Kidney mRNA from 4–6wk-old FVB mice was normalized as described (5). The procedure uses the rapid association of abundant mRNA species with their cDNAs covalently attached to latex beads which are subsequently removed by centrifugation. After two rounds of hybridization, 200 ng (of initially 2 μg) mRNA were retrieved and used to generate a cDNA library with a cDNA synthesis kit (GIBCO BRL, Gaithersburg, MD). After ligation of a BstXI adaptor (Invitrogen, San Diego, CA) and a NotI digest, the cDNAs were inserted into a modified pcDNA3 vector (Invitrogen) in which the neomycin resistance gene had been deleted. The DNA was electroporated into Escherichia coli SURE cells (Stratagene Corp., La Jolla, CA) which were immediately frozen. Plating of aliquots revealed that the library contained ∼1.1 × 105 independent clones. Aliquots corresponding to 20 clones were thawed and grown up. Miniprep DNA was isolated as described (6) and transfected into 293 cells in 24-well plates using the calcium phosphate co-precipitation method. After 18 h, the cells were inspected for apoptosis induction with phase contrast microscopy. The bacteria pool whose plasmid DNA caused morphological signs of apoptosis in 293 cells was spread on plates. Plasmid DNAs from individual bacteria colonies were again transfected into 293 cells to isolate the active clone.

Cell Transfections.

Plasmid DNAs were isolated with Qiagen columns (Qiagen, Chatsworth, CA) and transfected into 293 or baby hamster kidney (BHK) cells with the calcium phosphate coprecipitation method as described (7).

Expression Constructs.

The deletion mutants of β2b NDF were created with PCR using suitable primers encompassing the β2b NRG Kozak sequence, 200 ng template, and 20 cycles with Pwo (Boehringer Mannheim, Indianapolis, IN) which has proofreading activity. All constructs were transcribed and translated in vitro (TNT kit; Promega Corp., Madison, WI), and yielded products of the expected sizes (not shown). In each case, two NDF expression constructs were generated by two independent PCR reactions.
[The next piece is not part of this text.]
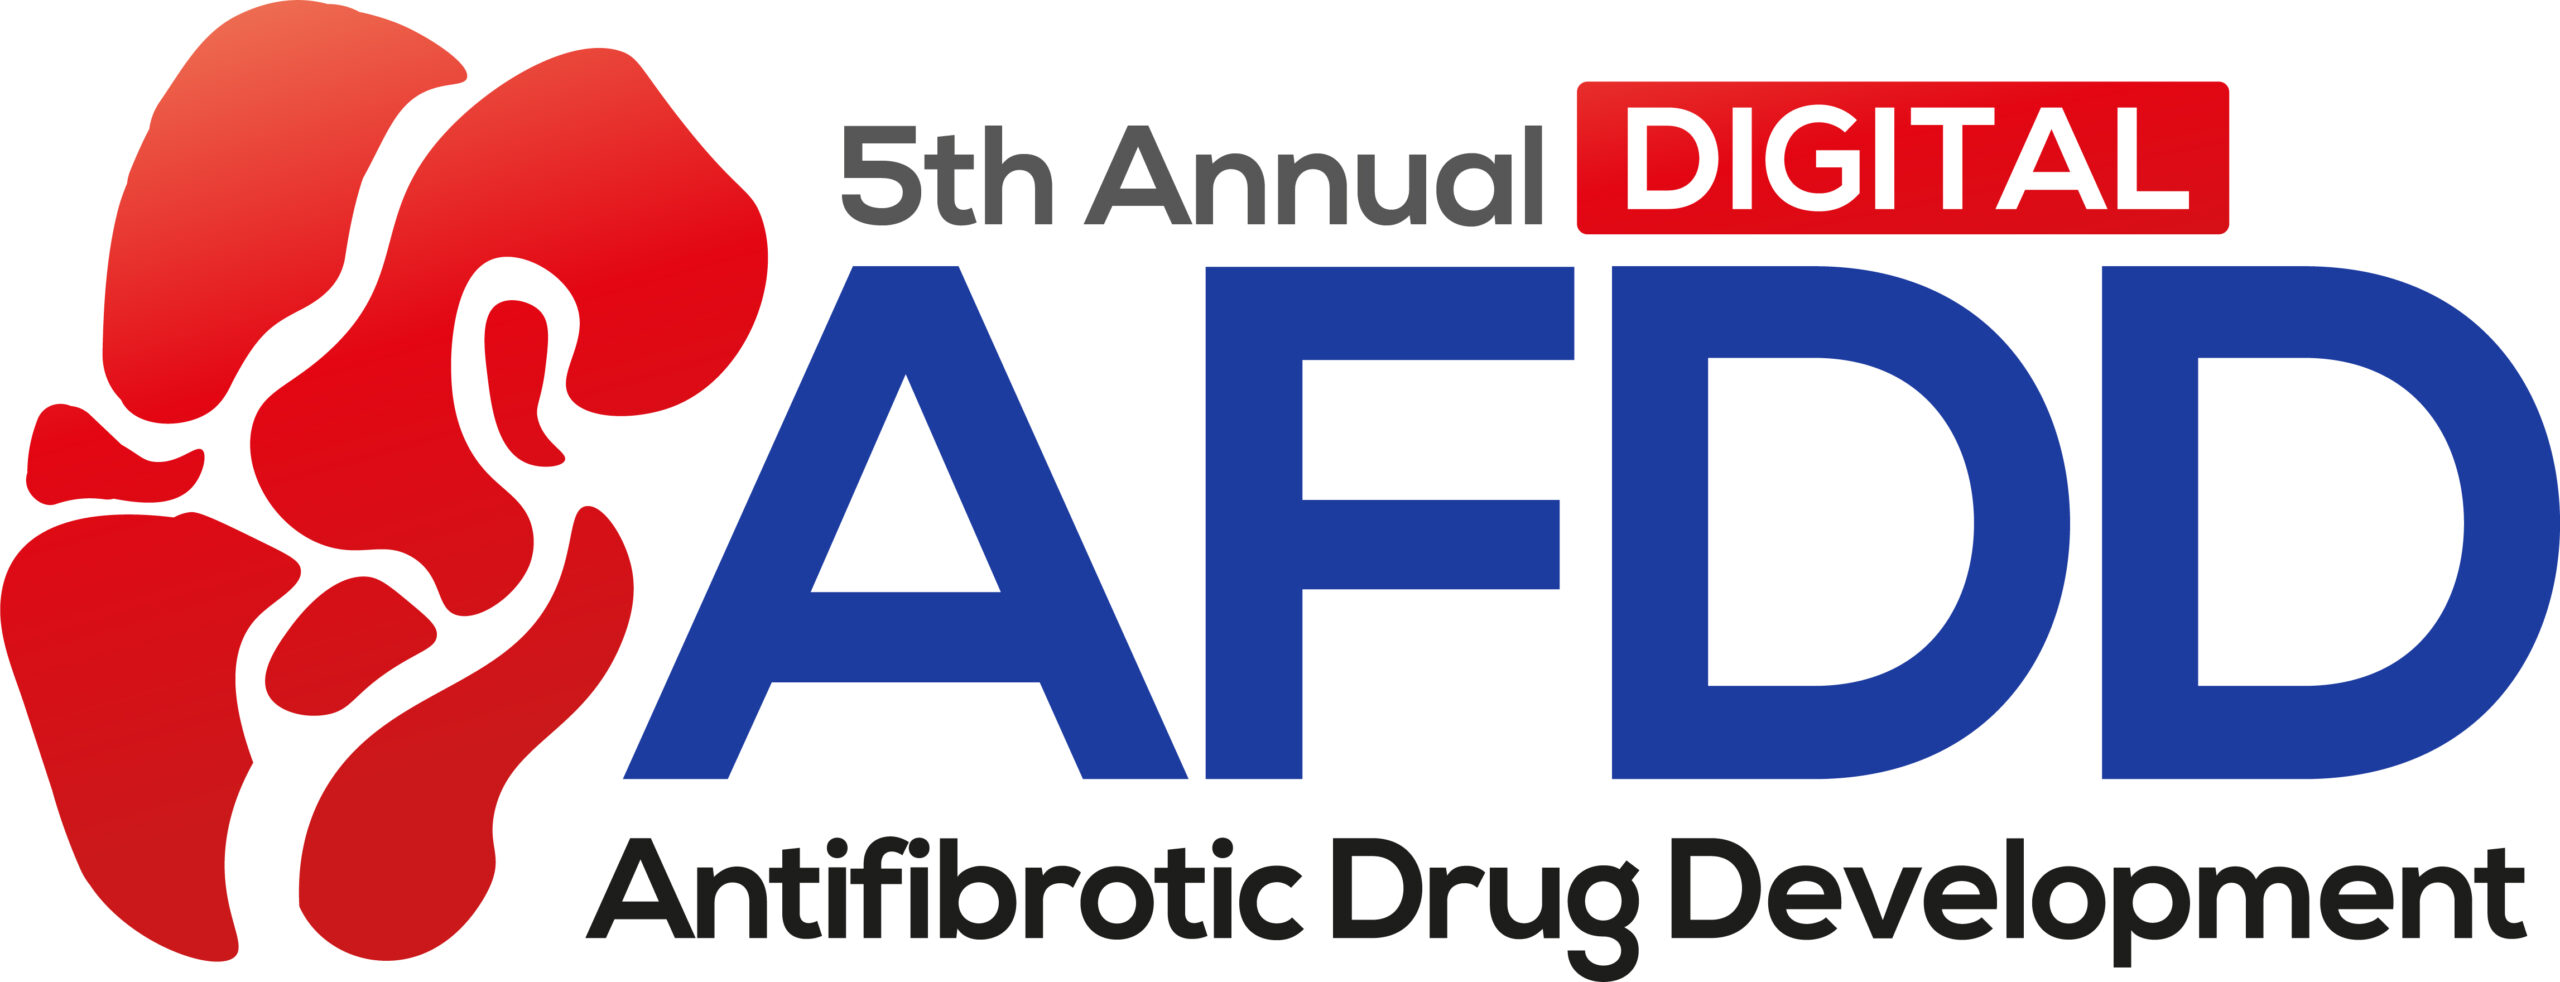 HW210119 AFDD 2021 Logo

Quantitative Apoptosis Assay.

BHK cells were transfected with the respective plasmids and a β-galactosidase (β-gal) expression vector. When PCR-generated NDF deletion constructs were used, two independently generated constructs were transfected in two transfections each. 24 h later the cells were stained with X-gal and the extent of apoptosis was measured by counting morphologically apoptotic blue cells and determining their percentage of the total number of blue, transfected cells (8).

DNA Isolation.

Low molecular weight DNA was isolated by lysing the cells with 0.2% Triton X-100 on ice for 10 min. After centrifugation, low molecular weight DNA was recovered in the supernatant and phenol-extracted. The samples were loaded on a 2% agarose gel after RNA digestion.

Reverse Transcription PCR.

Total RNA was isolated (RNAstat; Tel-Test Inc., Friendswood, TX) from the indicated tissues from two 6-wk-old FVB mice. For the reverse transcriptase (RT) PCR, 2 μg of total RNA were reverse transcribed with oligo dT primers in a volume of 30 μl. 5 μl were used in a PCR reaction with primers for β-actin (Clontech, Palo Alto, CA), an oligo (5′AGCTTCTACAAAGCGGAG-3′) that spans the junction between the β and the 2 exon of β2b NDF (hybridizing to 8 bp of the 2 exon and 10 bp of the b exon) and a primer (5′-ATATCTAGATAAAGGCCAAGGGGTC-3′) that was complementary to the β exon of β2b NDF. DNA templates for β-actin (∼17 pg) and β2b NDF (∼200 pg) were used as positive controls, reverse transcribed tRNA was used as a negative control. An initial denaturation time of 1 min and 25 cycles of 30 s at 94°C, 1 min at 52°C, and 1 min at 68°C were used in the PCR. The reaction products were separated on 1% agarose gels and blots probed with mouse β-actin or β2b NDF, respectively.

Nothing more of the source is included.